Add pulled pork, bacon or shrimp to the filling.
Add a tropical fruit salsa, chutney or jam.
Such as mango or pineapple.
Yes, use different cheeses, find good soft melting cheeses.

Use whole chiles not halves.

Batter and deep fry them.

Using a large whole jalapeno, stuff with a whole shrimp and cheese, wrap in half a strip of bacon, batter and deep fry.
We call those Range Rattlers.


----------



## Sowsage

ab canuck said:


> If you are not looking exclusively at ABT's you could try meat candy.
> They are an appy we started making a couple yrs ago.
> Pit large medjool dates
> Hot / Spicy Italian sausage, Stuff dates plump
> Wrap in bacon and smoke / grill / bake until bacon is cooked and stuffing is cooked.
> The sweet and spicy combined with bacon are great.
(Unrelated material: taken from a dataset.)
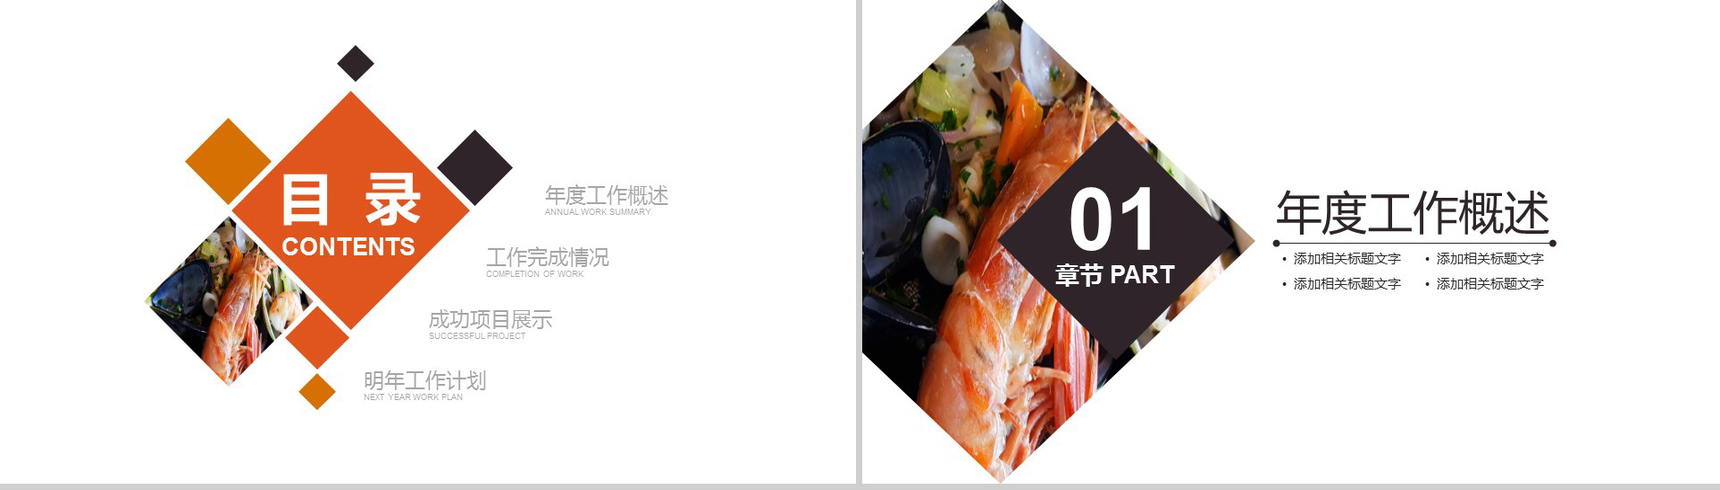 大气精美商务海鲜推广宣传餐饮美食年终汇报PPT模板-2

My wife does not eat dates but loves these treats.
> We did some ABT's and stuffed with shrimp and cream cheese then bacon wrapped, they were quite good.



Man this sounds really good. I'm definitely making the Aunt's but I may have to add this to go along with!


----------



## Dafish13

I did an experiment with different cheeses and the surprising winner was goat cheese.  Cut the stems off the jalapeños, clean out the inside, blanch in boiling water for about 1 minute, stuff with goat cheese and smoke upright.  You get a milder pepper that has great jalapeño flavor and the goat cheese works really well.


----------



## Sowsage

Dang auto correct. ABT's! Lol


----------



## Sowsage

Dafish13 said:


> I did an experiment with different cheeses and the surprising winner was goat cheese.  Cut the stems off the jalapeños, clean out the inside, blanch in boiling water for about 1 minute, stuff with goat cheese and smoke upright.  You get a milder pepper that has great jalapeño flavor and the goat cheese works really well.


My family loves goat cheeses! Thanks!


----------



## Sowsage

chilerelleno said:


> Add pulled pork, bacon or shrimp to the filling.
> Add a tropical fruit salsa, chutney or jam.
> Such as mango or pineapple.
> Yes, use different cheeses, find good soft melting cheeses.
> 
> Use whole chiles not halves.
> 
> Batter and deep fry them.
> 
> Using a large whole jalapeno, stuff with a whole shrimp and cheese, wrap in half a strip of bacon, batter and deep fry.
> We call those Range Rattlers.


Thanks for the ideas. The shrimp sounds fantastic!


----------



## Sowsage

daveomak said:


> When wrapping ABTs with bacon, I find it's easier to partially cook/bake the bacon until it has shrunk and toughened up...  Wrap while it is limp...  then you get crisp bacon on the outside..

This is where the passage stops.